2011年7月17日 星期日

Stress tests on reactors to look at four disaster scenarios

Stress tests on reactors to look at four disaster scenarios

BY TATSUYUKI KOBORI STAFF WRITER

2011/07/17


Nuclear power companies will be required to prove their reactors' ability to withstand four disaster scenarios under new "stress tests" outlined by Japan's Nuclear and Industrial Safety Agency (NISA).

The tests, detailed in a report submitted by NISA to the Nuclear Safety Commission of Japan (NSC) on July 15, will require power companies to model their nuclear power stations' endurance in a major earthquake, a tsunami, a complete loss of power throughout a plant, and a loss of ability to release heat from the reactors.

Computer modeling will be used to identify the strengths and weaknesses of the plants, and the results will be analyzed by NISA and verified by the NSC.

Electric power companies will be required to conduct all the assessments and submit reports by the end of this year, but verification by the central government is not likely to be finished before 2012. It is unclear whether the test results will be enough to reassure local governments near the reactors.

There will be two distinct phases of testing. The first phase will be conducted on nuclear reactors that have been suspended for regular inspections but are ready for restarts as of the end of July.

That testing will be less rigorous than the second phase and will only look at key equipment in the reactors. The administration of Prime Minister Naoto Kan has said that the first-phase tests will be a precondition for the restart of nuclear reactors.

Nineteen reactors are currently suspended for regular inspections, but only about 10 reactors that were not directly affected by the Great East Japan Earthquake are expected to be subjected immediately to the first-phase tests.

Kan and three other ministers will make the final decisions on whether to authorize restarts. The NISA report did not give a timeline for the completion of the assessments.

The second-phase assessments will be targeted at all reactors under construction and all 44 existing nuclear reactors in Japan except the Fukushima No. 1 and Fukushima No. 2 nuclear plants.

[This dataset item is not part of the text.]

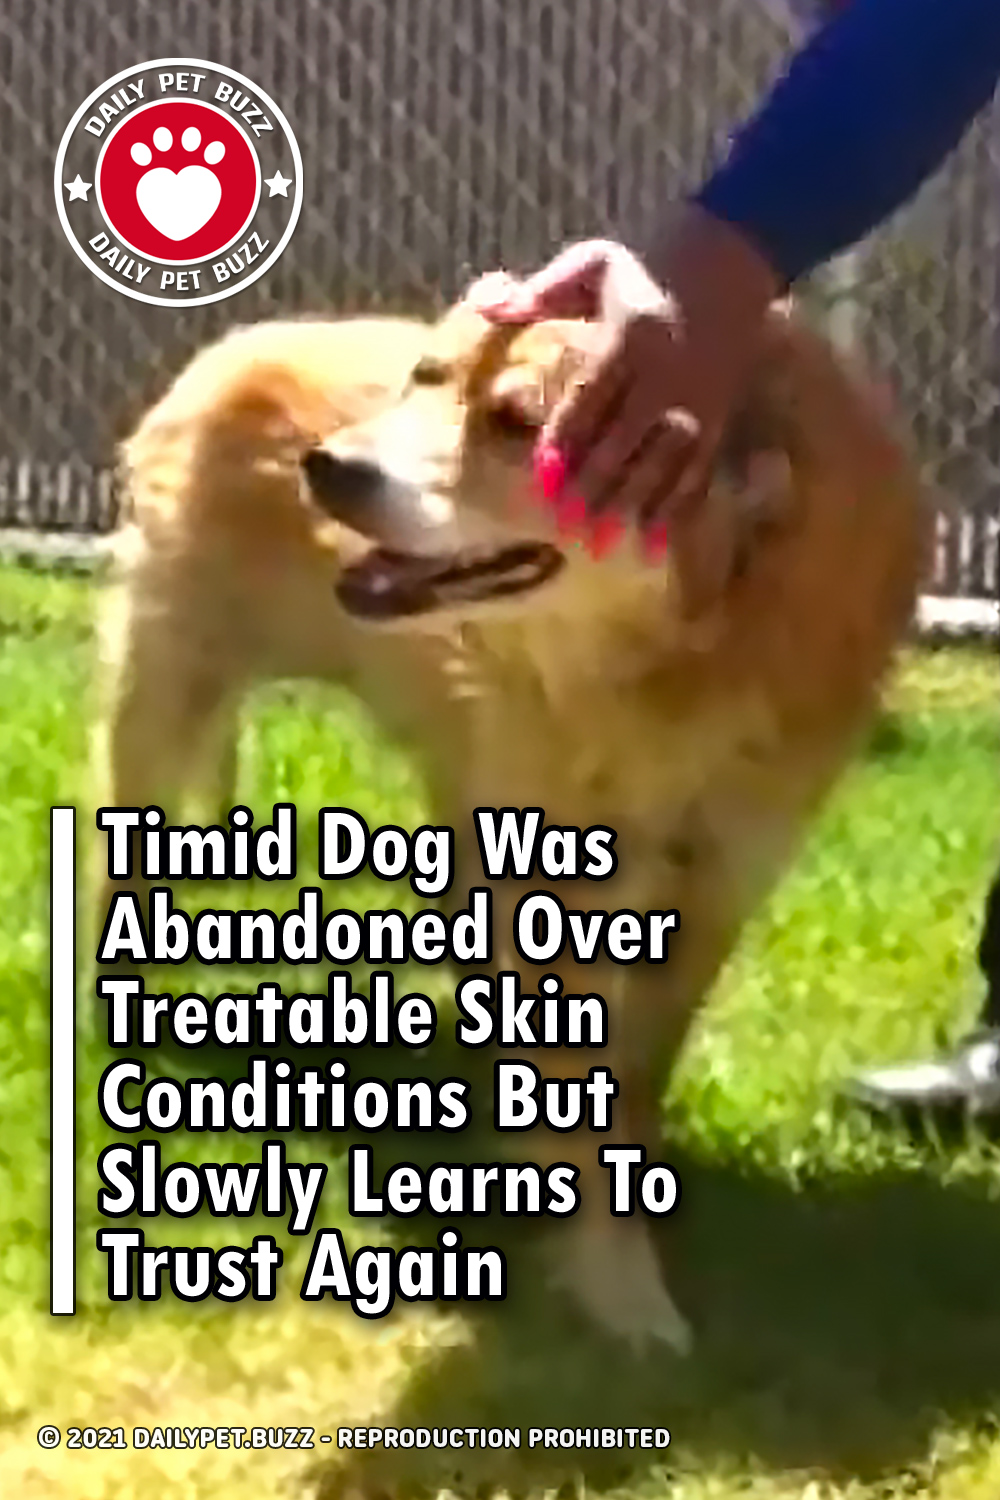 Timid Dog Was Abandoned Over Treatable Skin Conditions But Slowly Learns To Trust Again

The safety of the whole of the reactors, not just the key equipment covered by the first-phase tests, will be assessed and the stresses that would put the reactors into a dangerous condition will be identified. The electric power companies will be required to submit reports on the second-phase assessments by the end of the year.

NISA will issue further instructions on the tests to power companies by the end of July.